Frank Tshimini Nsombolay is the sonic archivist of a culture that learned to speak Spanish without apology. Arriving in Madrid from Kinshasa as a child, this rap pioneer and founder of one of the most iconic Spanish rap groups built his work from the ground up. First as an MC who teaches rhythm—explaining the origins of his lyrics—then as a producer who refines rhymes, and later as a radio host who has preserved and continues to preserve a collective memory on programs like the now-defunct “El Rimadero” and the current “La Cuarta Parte.” If Spanish hip-hop has a birth certificate, its calligraphy bears his mark.
But Frank T is, above all, a conversation organizer. “There Are No Black People in Tibet”—the podcast he co-hosts—doesn't just entertain: it broadens the perspective. What you hear there is an Afro-descendant community thinking about Spain from within, with humor and without complacency, setting the agenda when the mainstream yawns.

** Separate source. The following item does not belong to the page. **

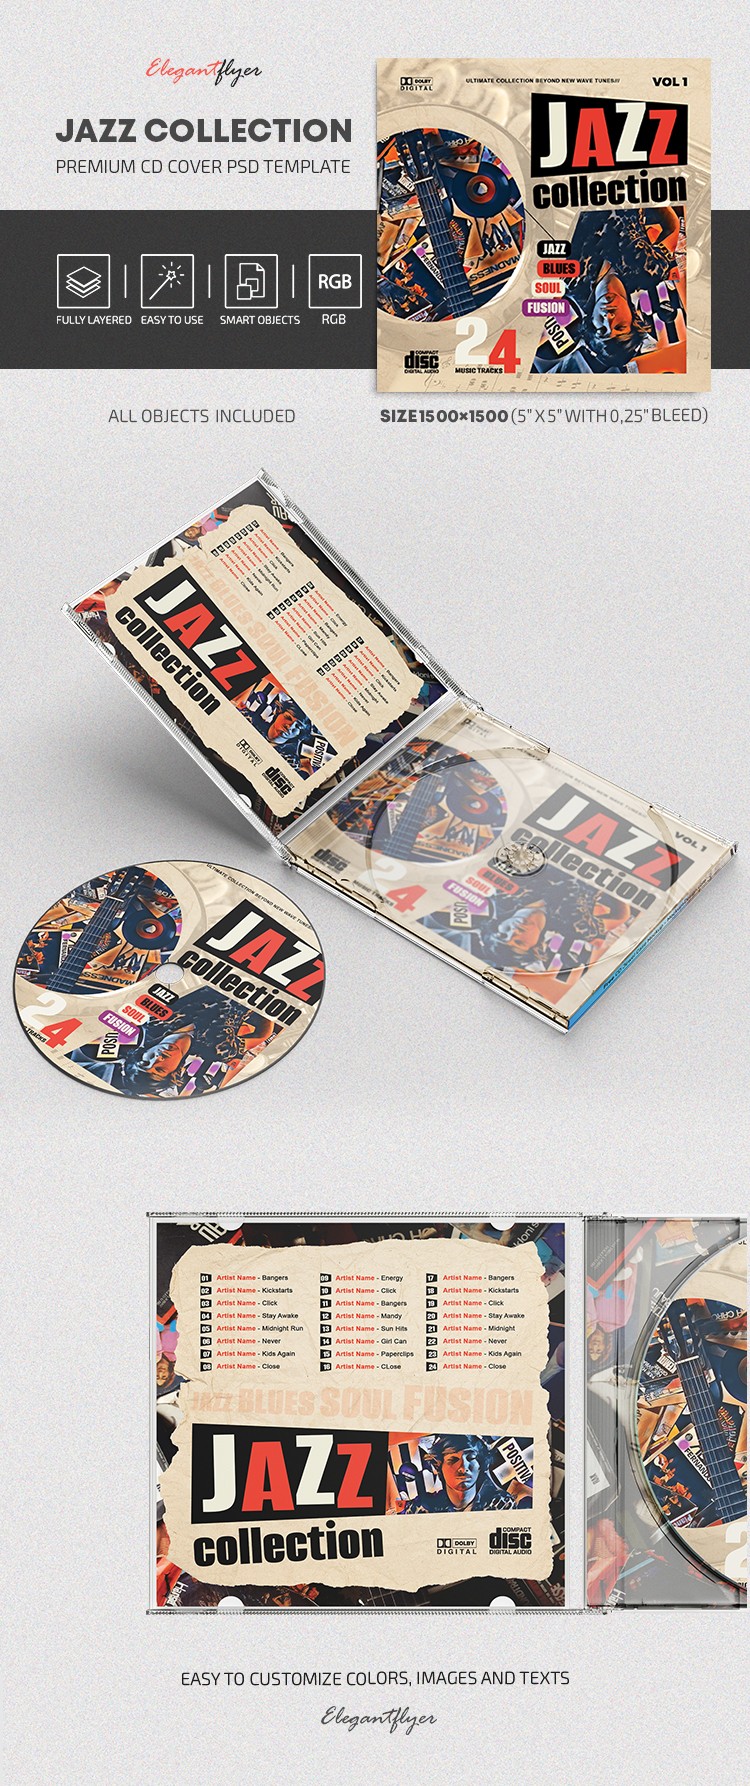 Couverture de CD de la Collection Jazz by ElegantFlyer

In his voice there's a mixture of patience and sharpness: the composure of someone who has already had all these discussions and the bite of someone who won't accept going back to square one.
For a profile like this, its value lies in its consistency. There's no pretense in the veteran who still gets excited when discovering a young verse; no affectation in the cultural activist who chooses words with the same rigor he used to select drums and snares. His work is a network—albums, collaborations, interviews, performances—that demonstrates that urban culture is also an institution when someone takes care of it. And he does.
Perhaps that's why his figure withstands rushed biographies: because he's better understood over time. The African boy with a Torrejón de Ardoz accent and a new notebook, the rapper obsessed with meter, the discoverer of urban talent, the communicator who poses uncomfortable questions… and the man who, without much fanfare, continues to open doors for more people to enter. In a Spain still learning to name its diversity, Frank T has provided the microphone and the grammar so that we can understand obvious truths—or perhaps not so obvious—like the fact that “birds can't live in water because they aren't fish.”.